Start of DATASET EXCERPT

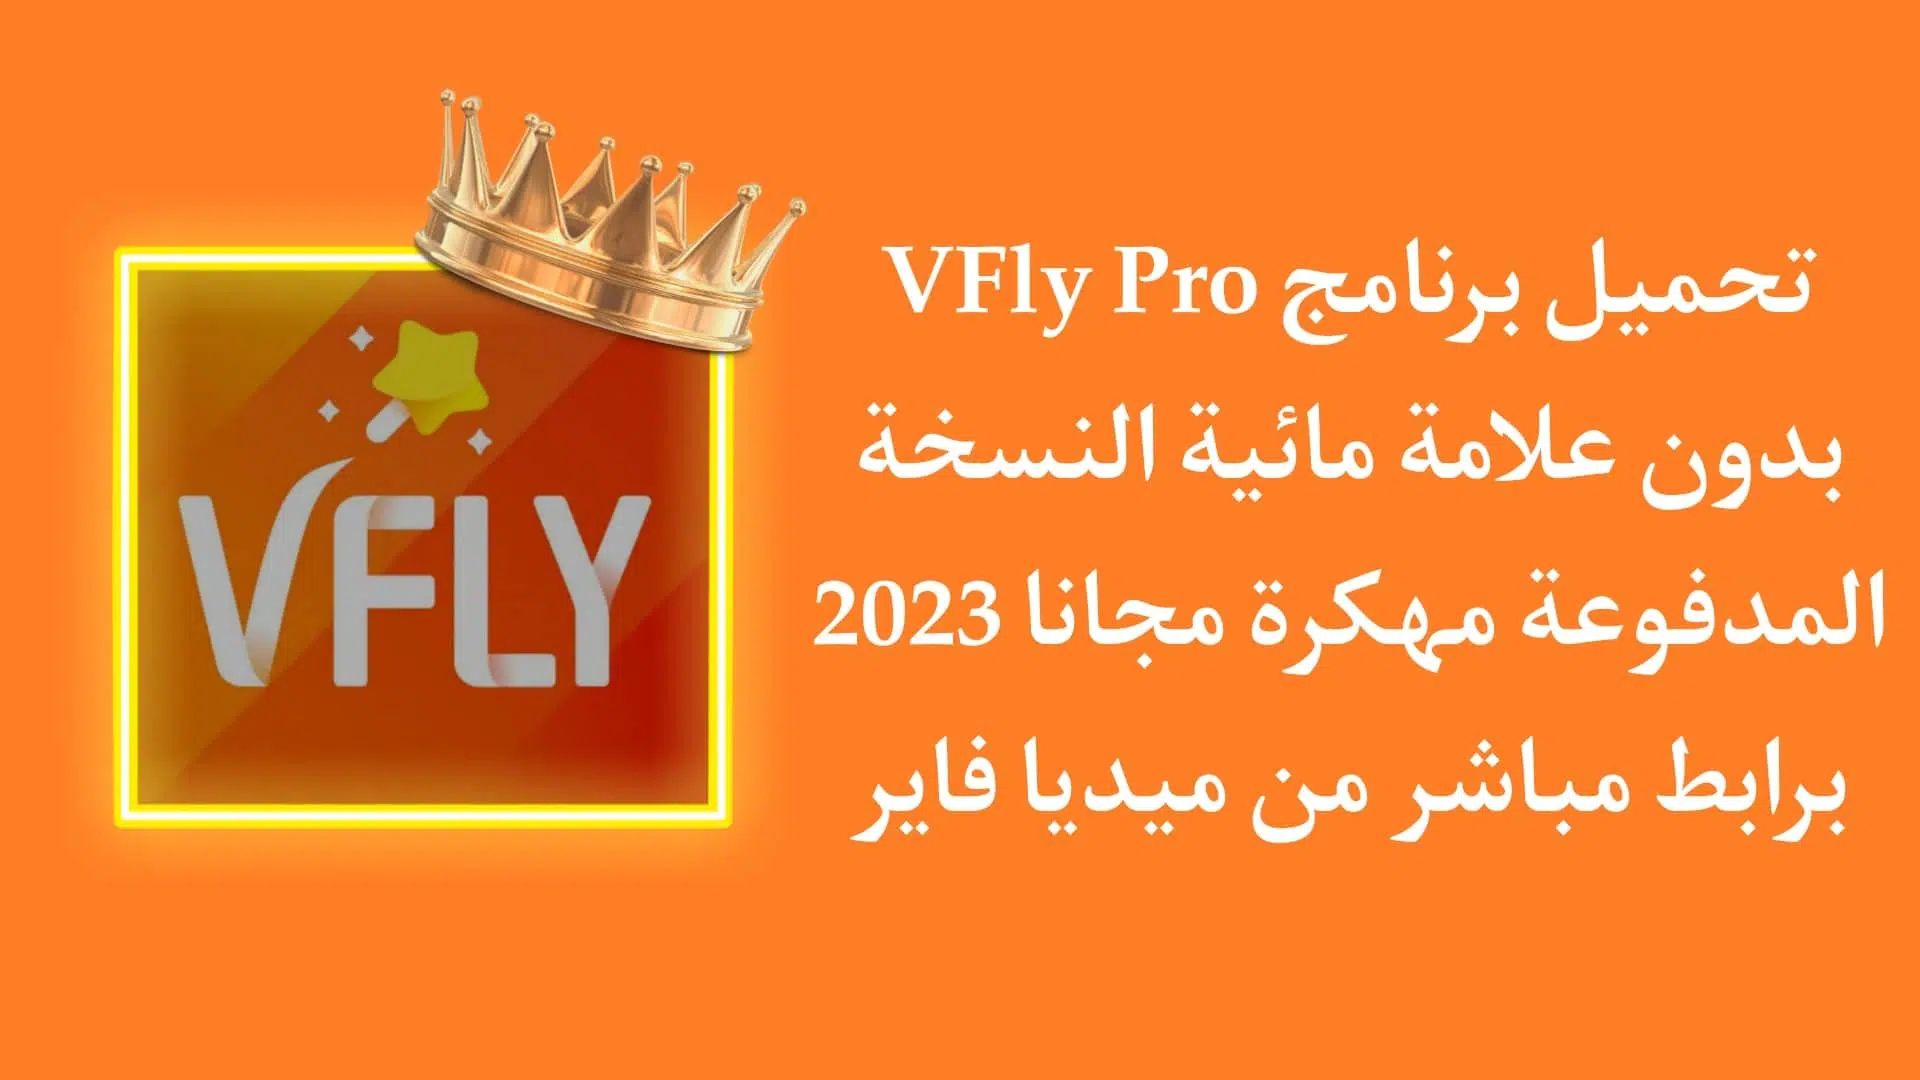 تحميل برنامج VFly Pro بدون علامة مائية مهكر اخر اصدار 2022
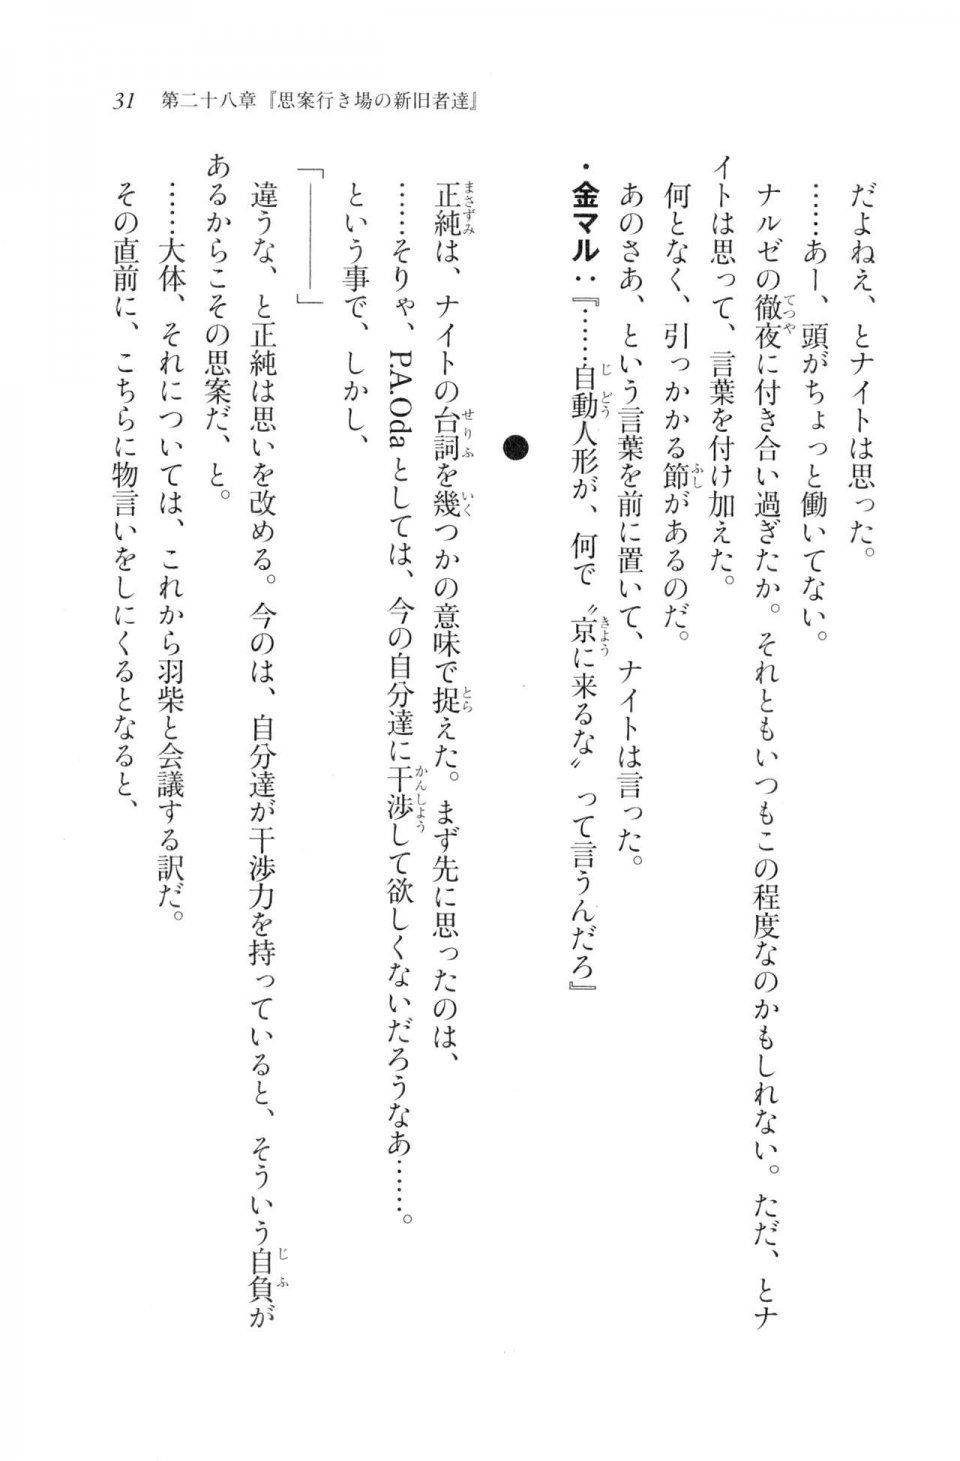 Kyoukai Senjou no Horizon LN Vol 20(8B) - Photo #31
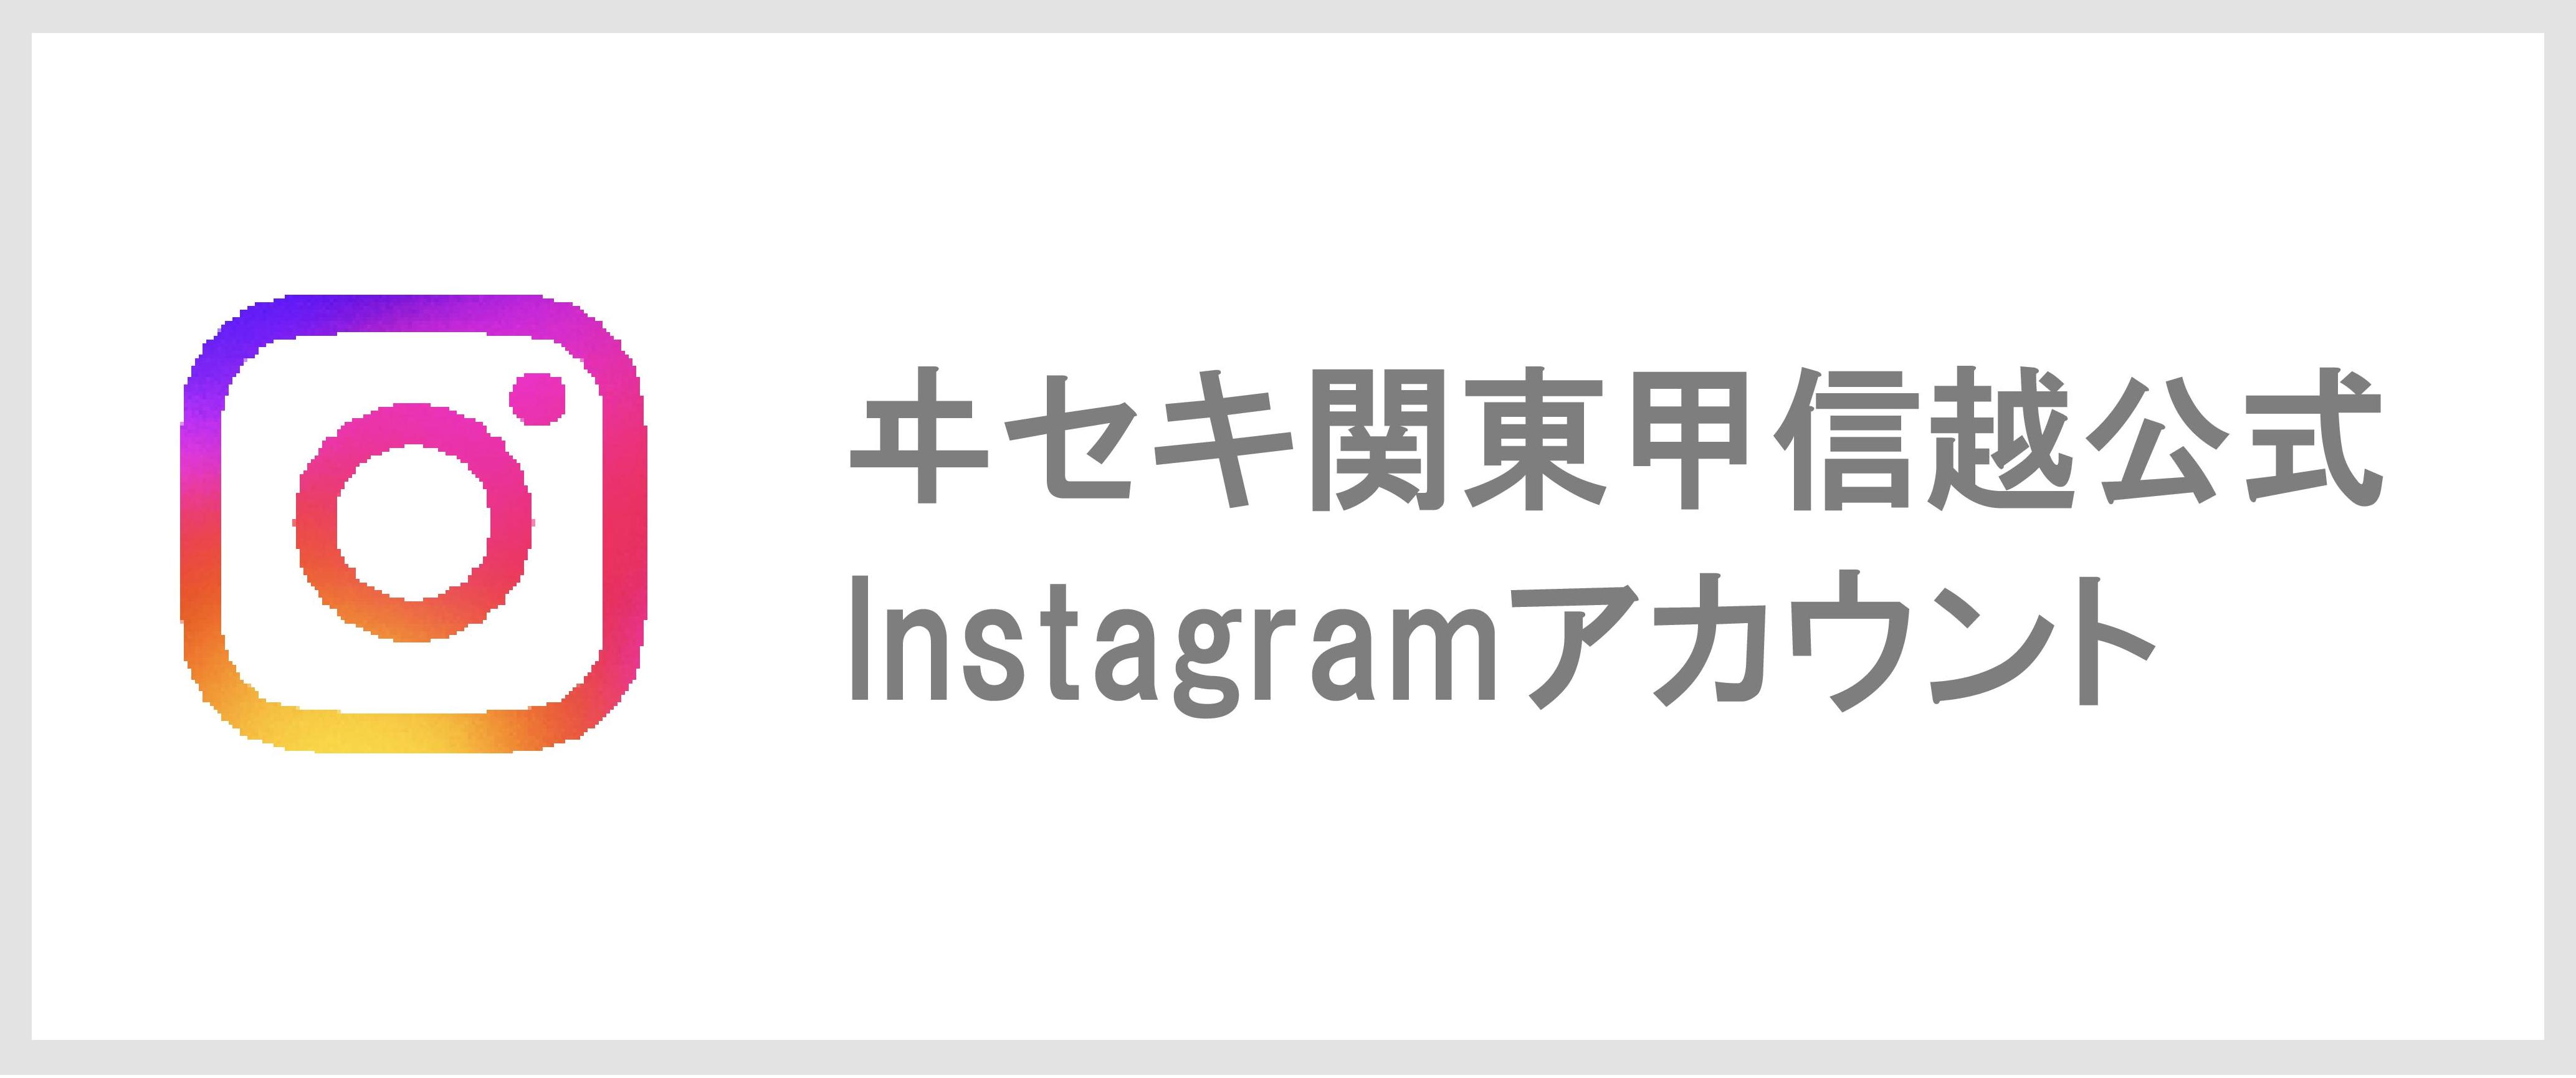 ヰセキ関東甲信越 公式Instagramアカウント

End of DATASET EXCERPT

Pictures excluded, write out exactly and only the lines of the material from the one containing "Kyoukai Senjou no" up to and including the last line.

 Kyoukai Senjou no Horizon LN Vol 20(8B) - Photo #31
 ヰセキ関東甲信越 公式Instagramアカウント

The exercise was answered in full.